SHOSTAKOVICH Cello Concertos (Alban Gerhardt)

Record and Artist Details

Genre:

Orchestral

Label: Hyperion

Media Format: CD or Download

Media Runtime: 57

Mastering:

DDD

Catalogue Number: CDA68340

CDA68340. SHOSTAKOVICH Cello Concertos (Alban Gerhardt)

Tracks:

Composition Artist Credit
Concerto for Cello and Orchestra No. 1 Dmitri Shostakovich, Composer
Alban Gerhardt, Cello
Jukka-Pekka Saraste, Conductor
WDR Symphony Orchestra
Concerto for Cello and Orchestra No. 2 Dmitri Shostakovich, Composer
Alban Gerhardt, Cello
Jukka-Pekka Saraste, Conductor
WDR Symphony Orchestra

By accident or design this pairing arrives hard on the heels of Alina Ibragimova’s Shostakovich violin concertos for the same label (7/20). That project perhaps looks more Russian than it is but the quest for ‘authentic’ tone and timbre remains an important element in the mix. This time we are in Cologne and the music-making, exciting though it is, feels timbrally deracinated, leaner, more forensic, taking us further from the sonic template established by earlier Soviet-Russian advocates. It might be argued that Mstislav Rostropovich, instigator of so many masterpieces, became overly ruminative in his later years, outpaced by the likes of Heinrich Schiff with the composer’s son directing (Philips, 10/85).
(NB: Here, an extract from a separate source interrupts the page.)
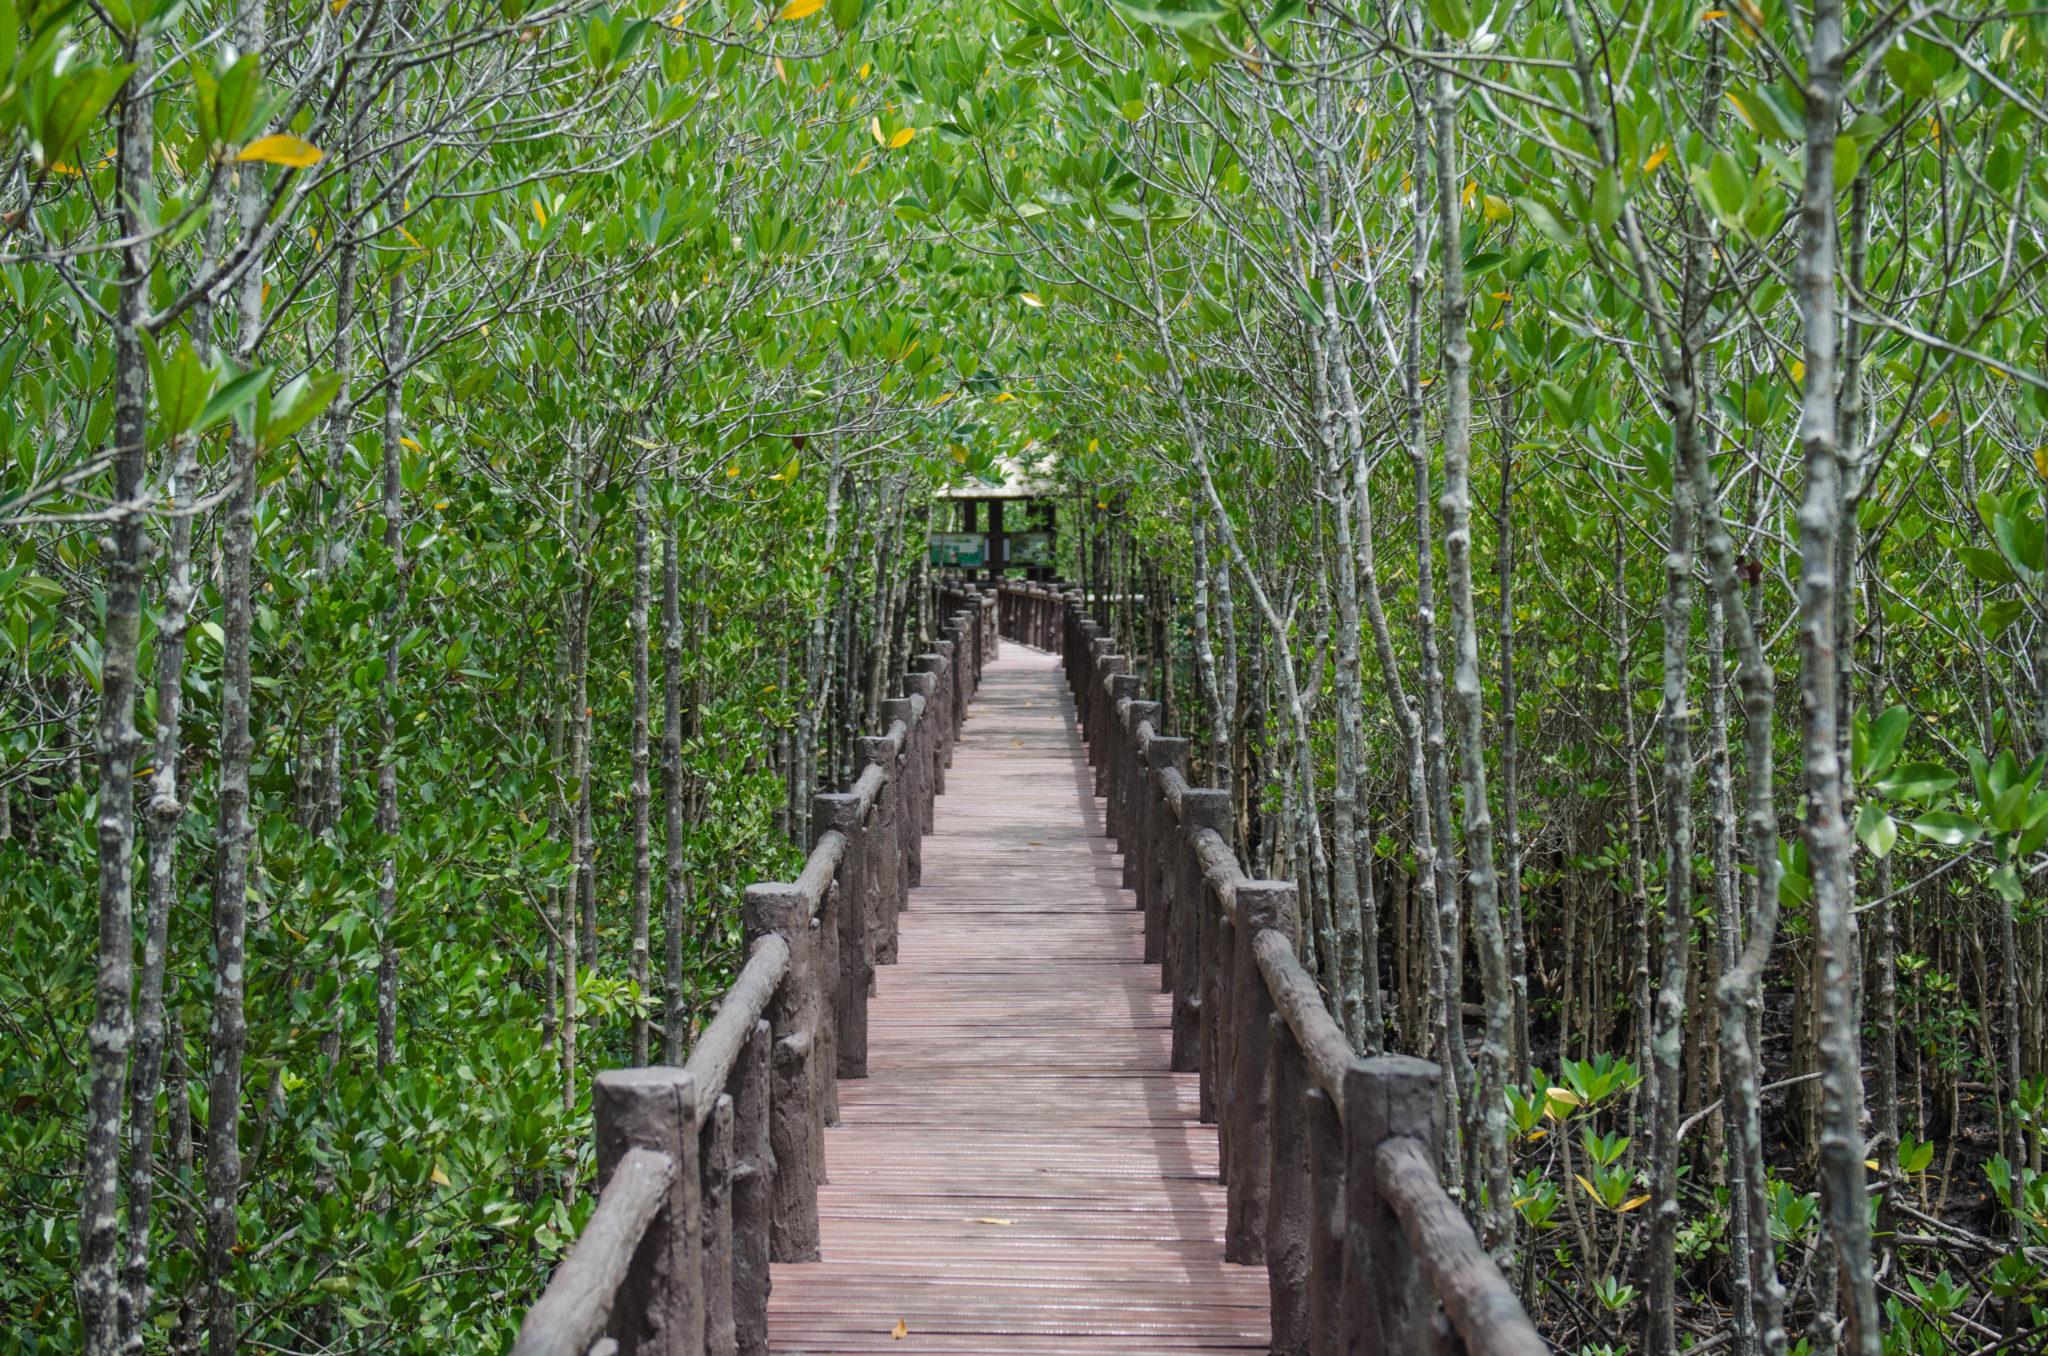 Der Mu Koh Chumphon National Park in der thailändischen Region Chumphon
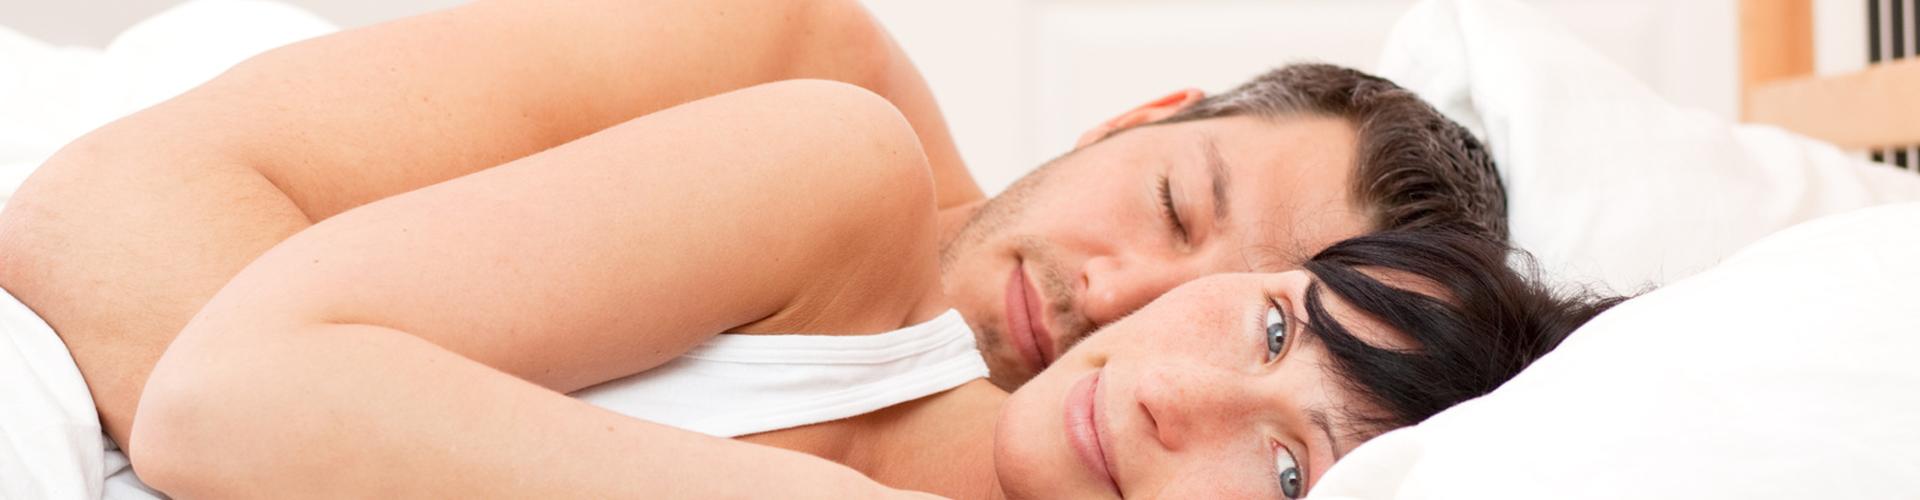 Entspanntes schlafen mit Betten von Nimmerland Schlafsysteme aus Krefeld

Alban Gerhardt, Jukka-Pekka Saraste and his former orchestra are tauter still. They deliver a crisply articulated white dwarf of a First Concerto, the controlled hysteria of the outer movements well conveyed even with a somewhat reticent first horn. Dark corners are certainly well lit in the central Moderato, taken as briskly as I’ve ever heard it; the tempo respects the metronome mark rather than the performance tradition. Gerhardt has never been one for lachrymose vibrato and his cadenza is purposeful. The finale fairly dazzles.

In the later work the rethink is sufficiently radical to reset its expressive arc, with a breezier opening Largo, more deliberate central Allegretto and a tendency to seek expressive homogeneity where others have played up the quizzical shifts in mood. Fortunately the booklet notes – as extensive as ever from this source if not always the easiest read in physical format – set out to explain the thinking behind these choices. For all his ‘adoration’ of Rostropovich, Gerhardt wants us to go back to the truth of the marks on the page. I wonder. Given what we know of Soviet editorial unreliability and Shostakovich’s own neurotic propensity to rush his fences as a performer, the results may or may not strike you as revelatory. Politics apart, the composer’s colleagues were too talented a group to produce carbon copies of each other’s interpretations. Now it is Gerhardt’s turn.

All in all a fascinating challenge to existing favourites, captured in bright and immediate sound. The production is credited to Westdeutscher Rundfunk, the brilliant, well-nigh flawless soloist spotlit but not implausibly so.